Using RCC tool, I configured the pipeline, but when it runs, it throws the below error,
“NameError: name ‘win32com’ is not defined”. By default, my gitlab account uses ubuntu image.

I have the below code in my script -
RPA.Word.Application.Open Application
RPA.Word.Application.Open File ${attach1}
${text}= Get All Texts
RPA.Word.Application.Quit Application

Since my Gitlab points to a Linux OS, The above script is failing as RPA.Word.Application library works only on Windows platform.

How can I handle this on Linux? I need to open a word document and get all the text from it. Kindly clarify

As documentation says, RPA.Word.Application works only in Windows. So, you currently you cannot handle it on Linux, you have to use Windows machine for that.
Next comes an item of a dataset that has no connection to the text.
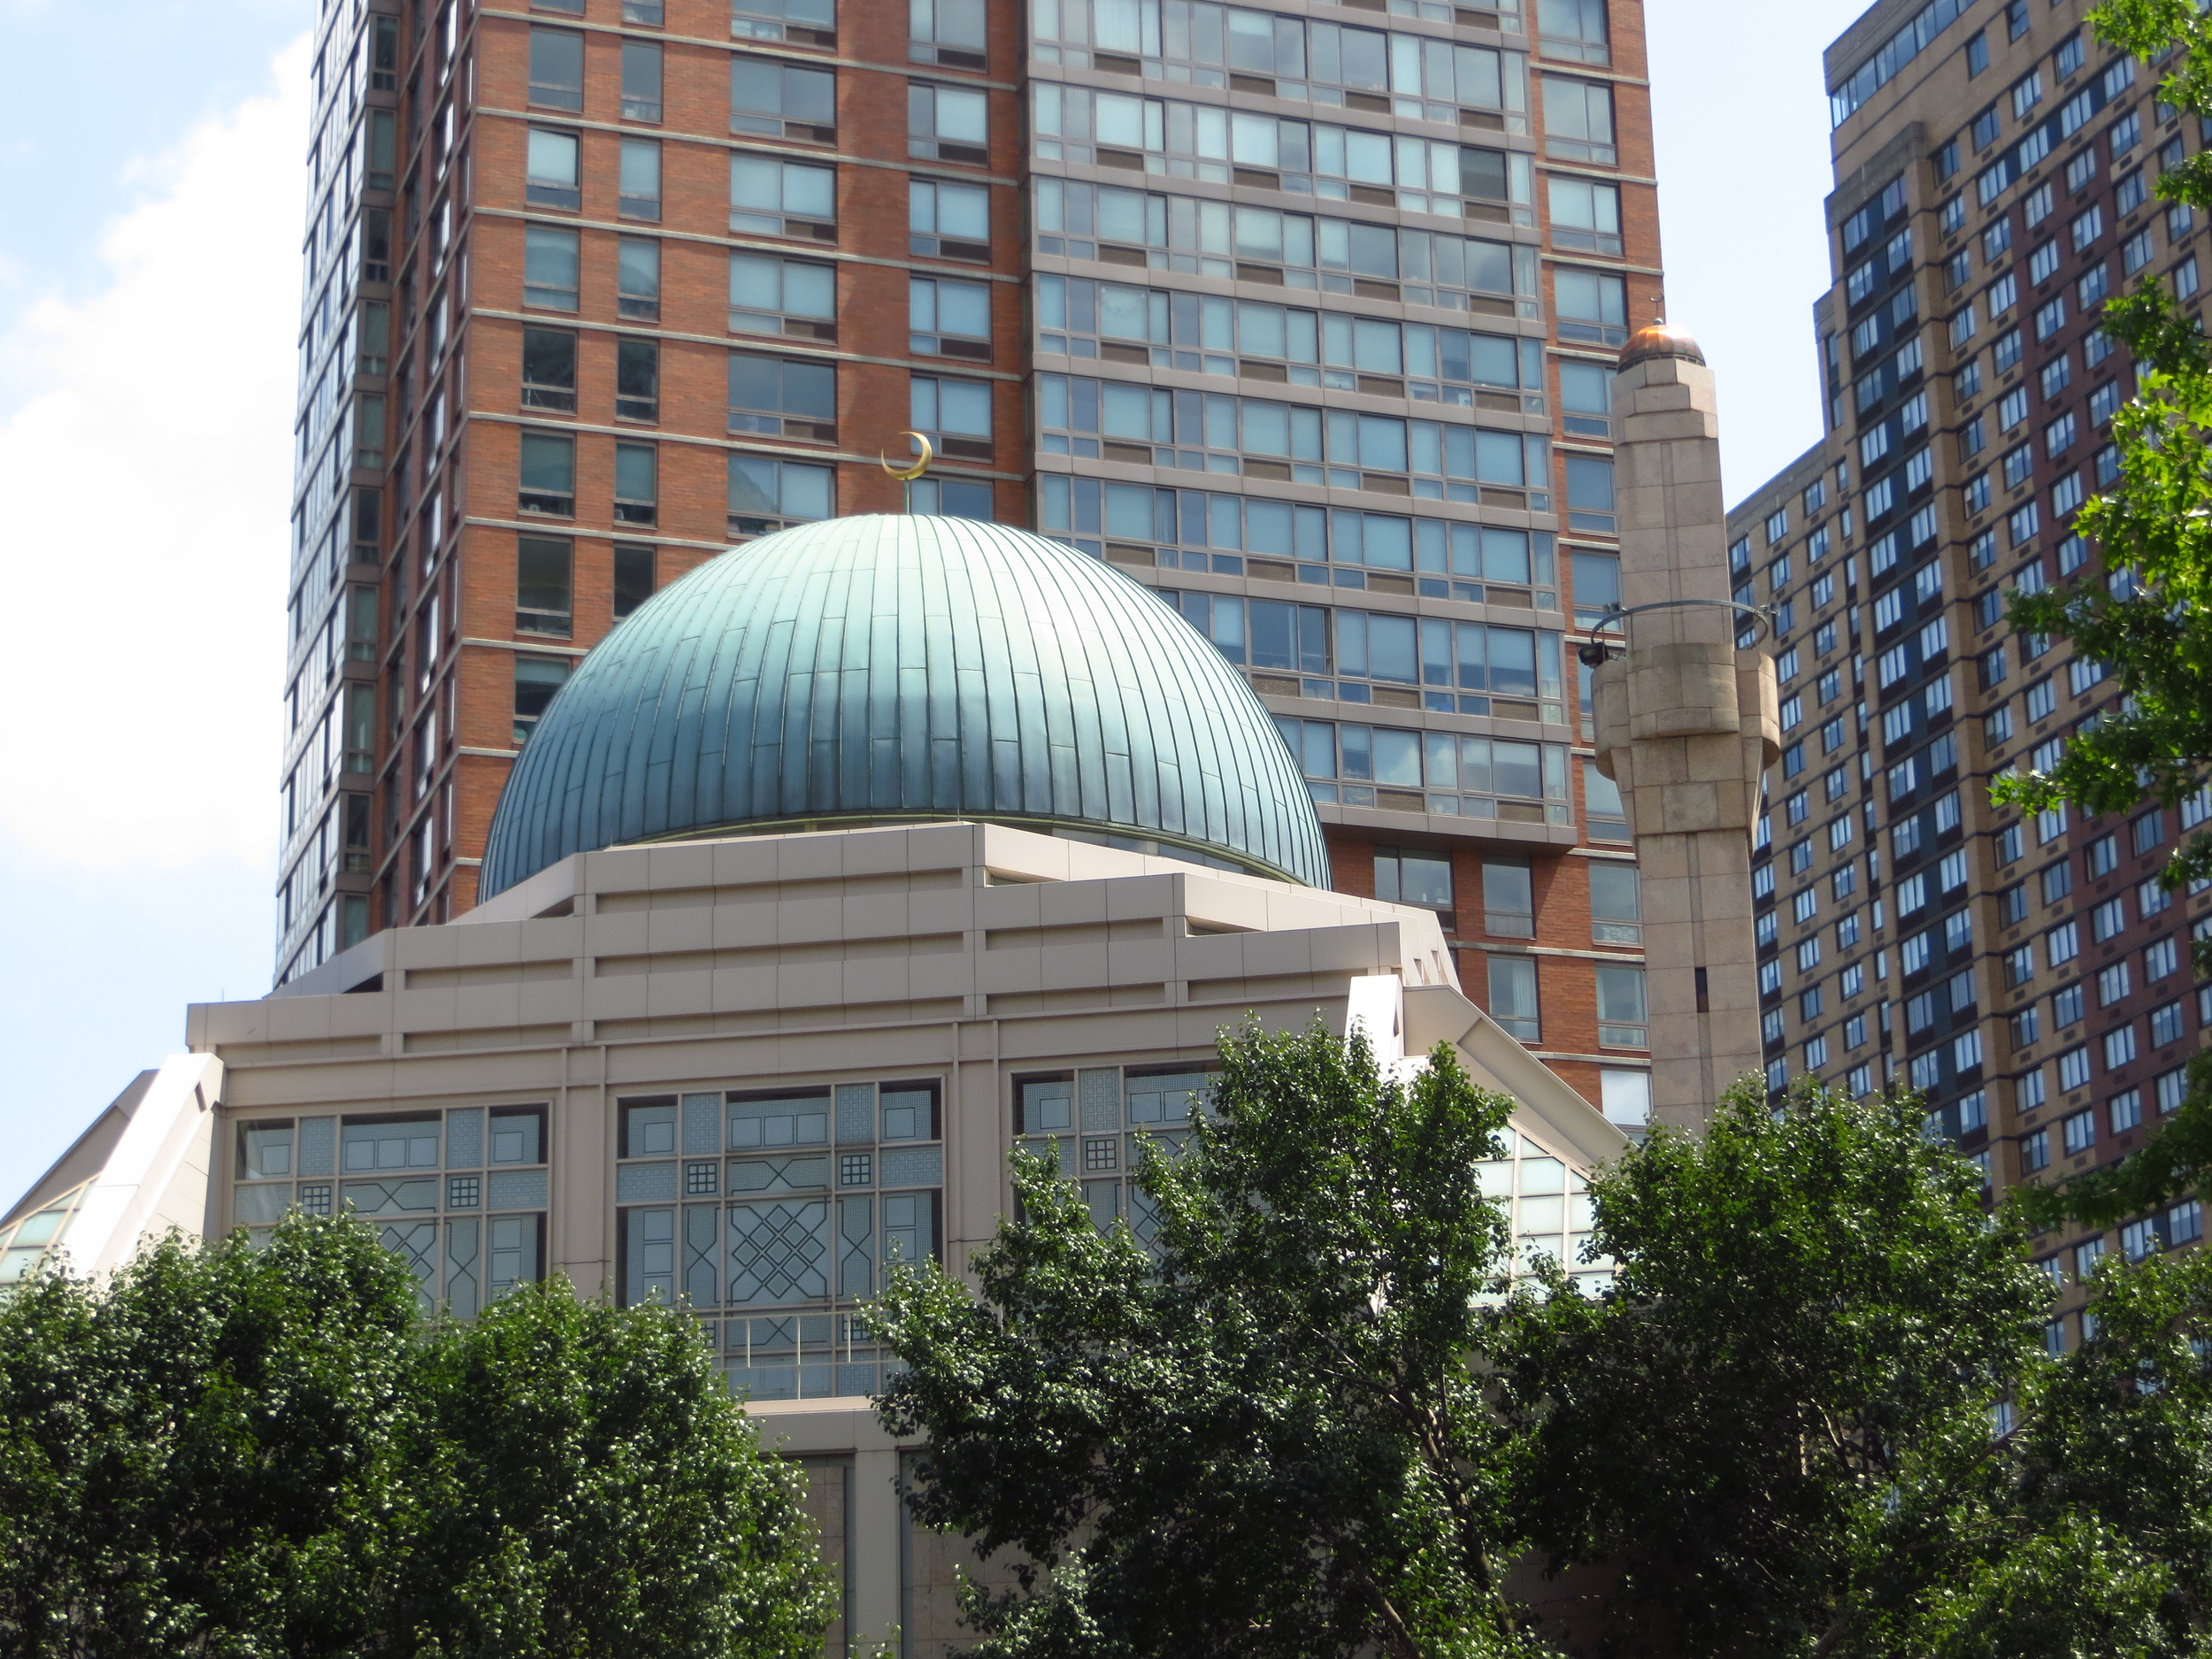 Islamic Cultural Center of NY
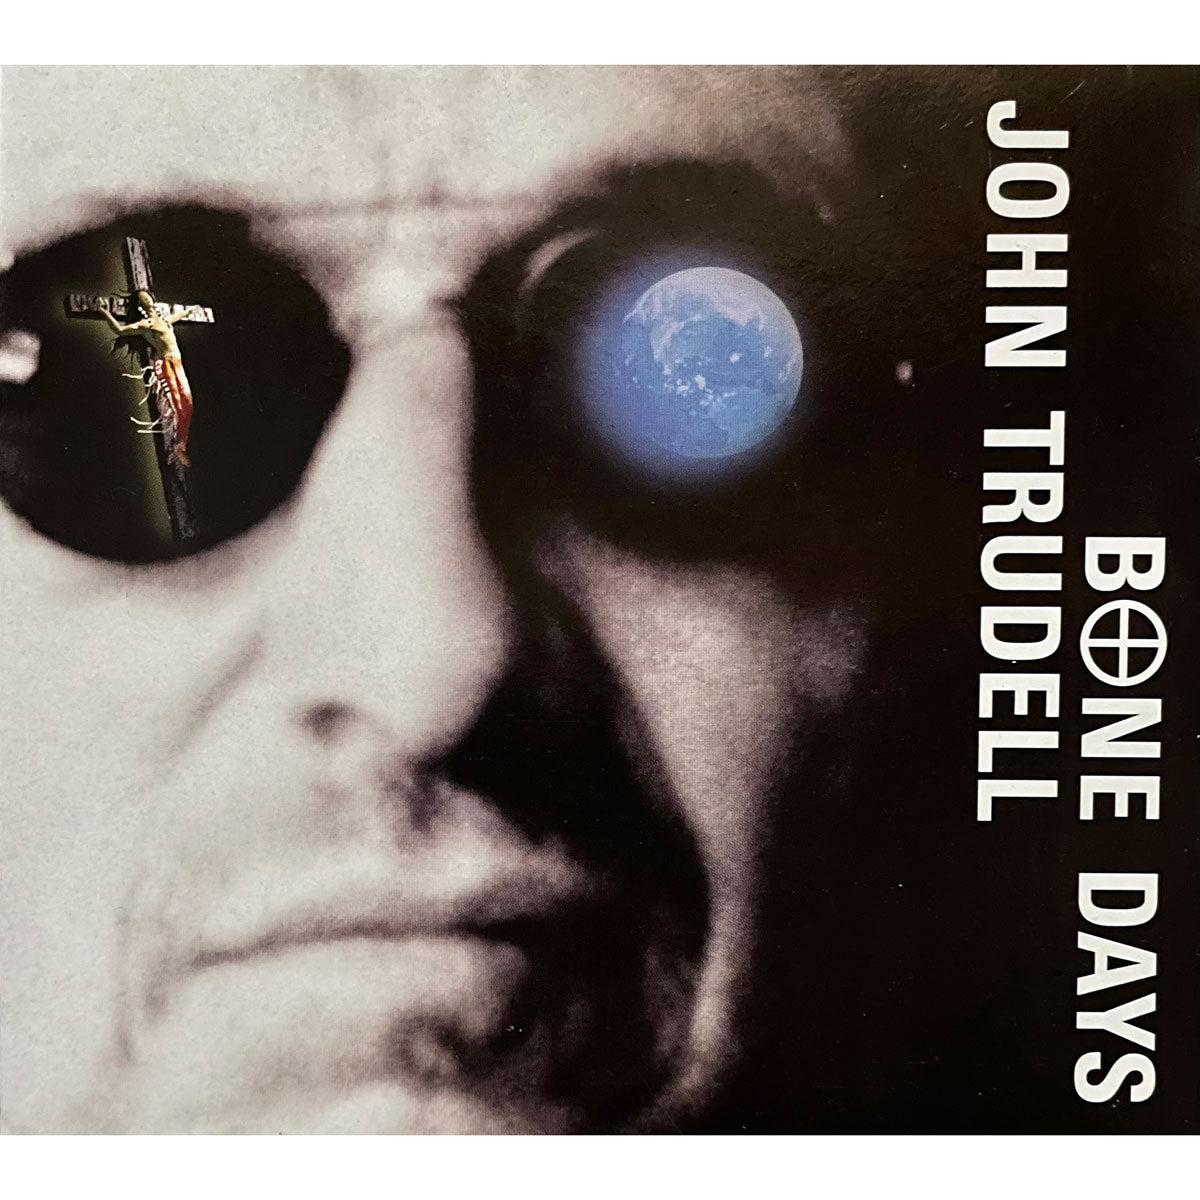 JOHN TRUDELL Bone Days CD

See: RPA.Word.Application library

RPA Framework doesn’t yet have file -based library for manipulating Word documents, but you could implement it with python.

Here is a super simple example using python with Evaluate -keyword, but it is probably better to implement it as a proper python keyword:

${text}= Evaluate "\\n".join([p.text for p in docx.Document("example.docx").paragraphs]) modules=docx

1 Like

@Teppo - Thank you. This worked for me and I could get the paragraphs alone from the word document.
Hyperlinks text, table contents are all missing. Could you please let me know how can I get all the text from the word document?

I think those are all available with the python-docx library python-docx — python-docx 0.8.11 documentation but it may require implementing a python function to extract the data. It is hard to define a generic function because it depends on how you want to use the extracted text.

To help you get started, here is another example of python that will extract text from tables:

import docx

def extract_tables(filename):
    doc = docx.Document(filename)
    
    text = ""
    for table in doc.tables:
        for row in table.rows:
            for cell in row.cells:
                text = "\n".join([text, cell.text])
    return text